Joaquín Mendoza (Pamplona, Navarra, c. 1733–Gerona, 1809) was a Spanish field marshal and military governor of Gerona.

==Early career==

Mendoza studied at the Military Academy of Barcelona from 1752 to 1754 and was promoted to second lieutenant of the 1st Artillery Battalion in February 1756.

In 1764, he was appointed sergeant major of the Company of Cadets at the Royal College of Artillery at Segovia, where he was promoted successively until February 1774, when he was appointed lieutenant colonel of the 1st Artillery Battalion.

At the outbreak of the War of the Pyrenees he was sent to the Army of Rosellón, where he was promoted to colonel in October 1793 and colonel of Artillery the following year. As the commanding officer of Artillery at Sant Ferran Castle, he was taken prisoner when the fortress, against his judgement, capitulated on 29 November 1794.

He was interned in Francia, and on his return to Spain was court-martialled and absolved in 1799, as well as being promoted to brigadier.

During the War of the Oranges (1801), as the commander of the batteries that led to the capitulation of the fortress, Mendoza participated at the siege of Campo Maior.

Following the signing of the Treaty of Badajoz, which ceded Olivenza to Spain, in December 1801 Mendoza was appointed military governor of the fortress, post he held until the following July, when he was appointed military governor of Gerona.
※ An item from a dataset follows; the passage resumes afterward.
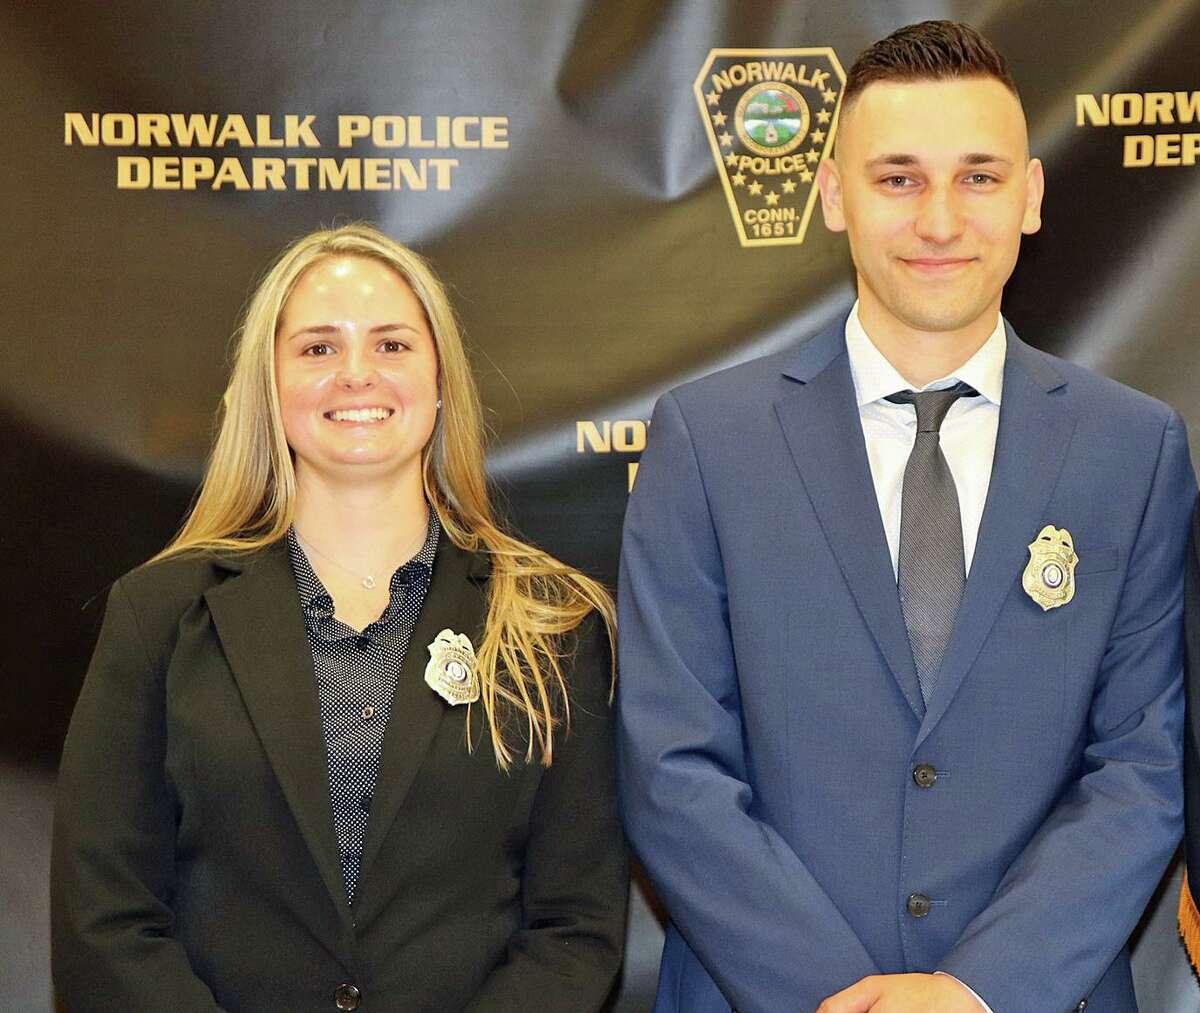 Chealsey Ortiz (left) and Mario Pecirep are former Bridgeport police officers.
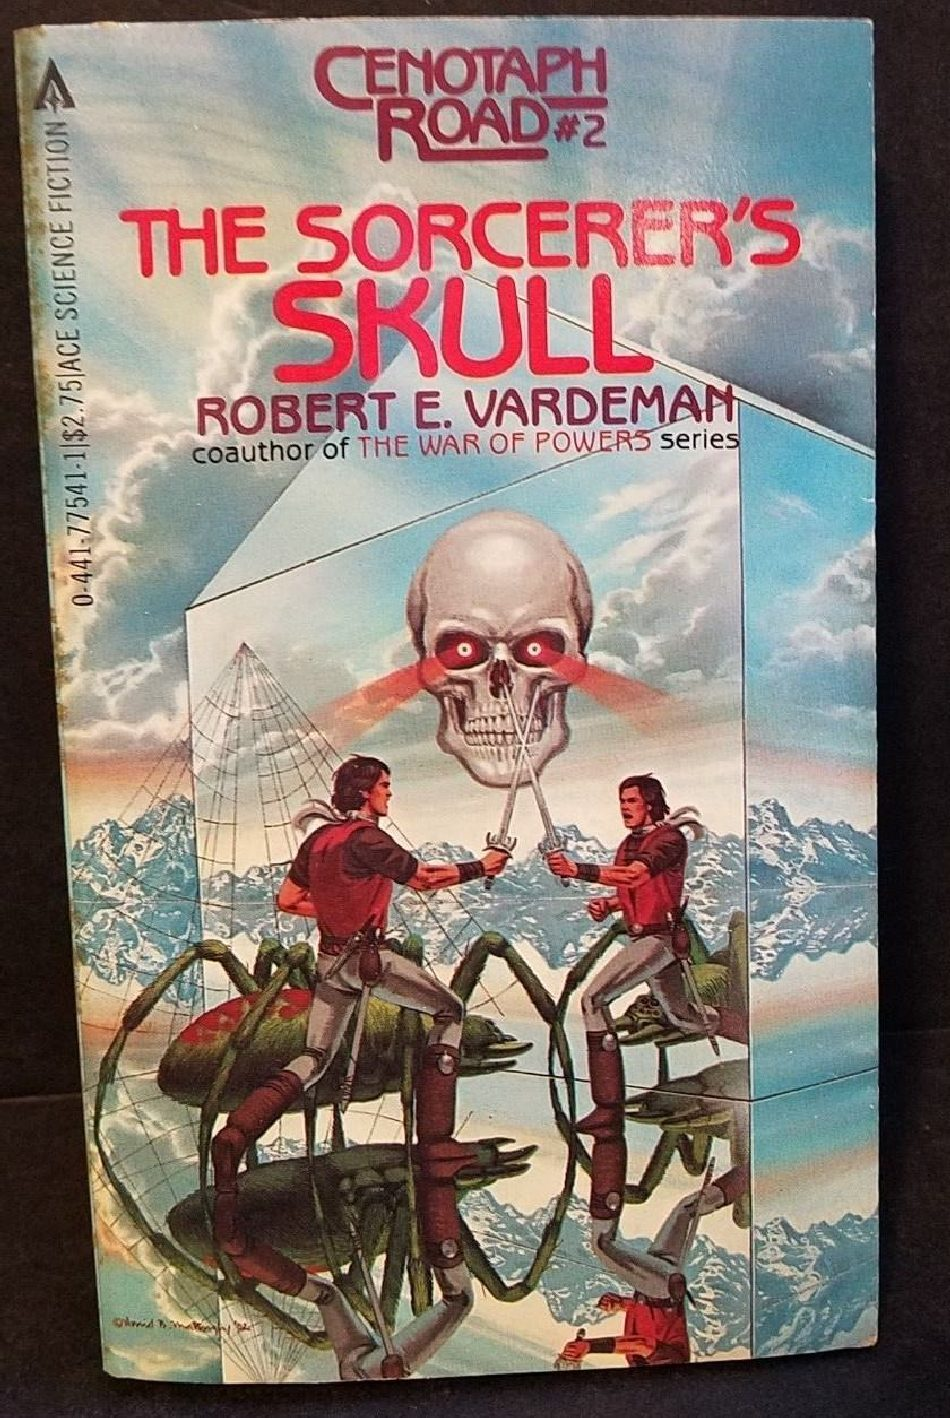 skulls-a-proppin-up-on-swords

In 1802 he was promoted to field marshal.

==Peninsular War==

At the outbreak of the war, a popular uprising forced Mendoza to give up his post as military governor, and Julian Bolivar was appointed interim governor in June 1808.

When General Álvarez de Castro took command of the fortress, Mendoza offered his services in the defence of the fortified town. He was stationed at the Sarracines gatehouse where, on 24 August 1809, during the third siege, he was gravely wounded in the head, dying from his wound the following December.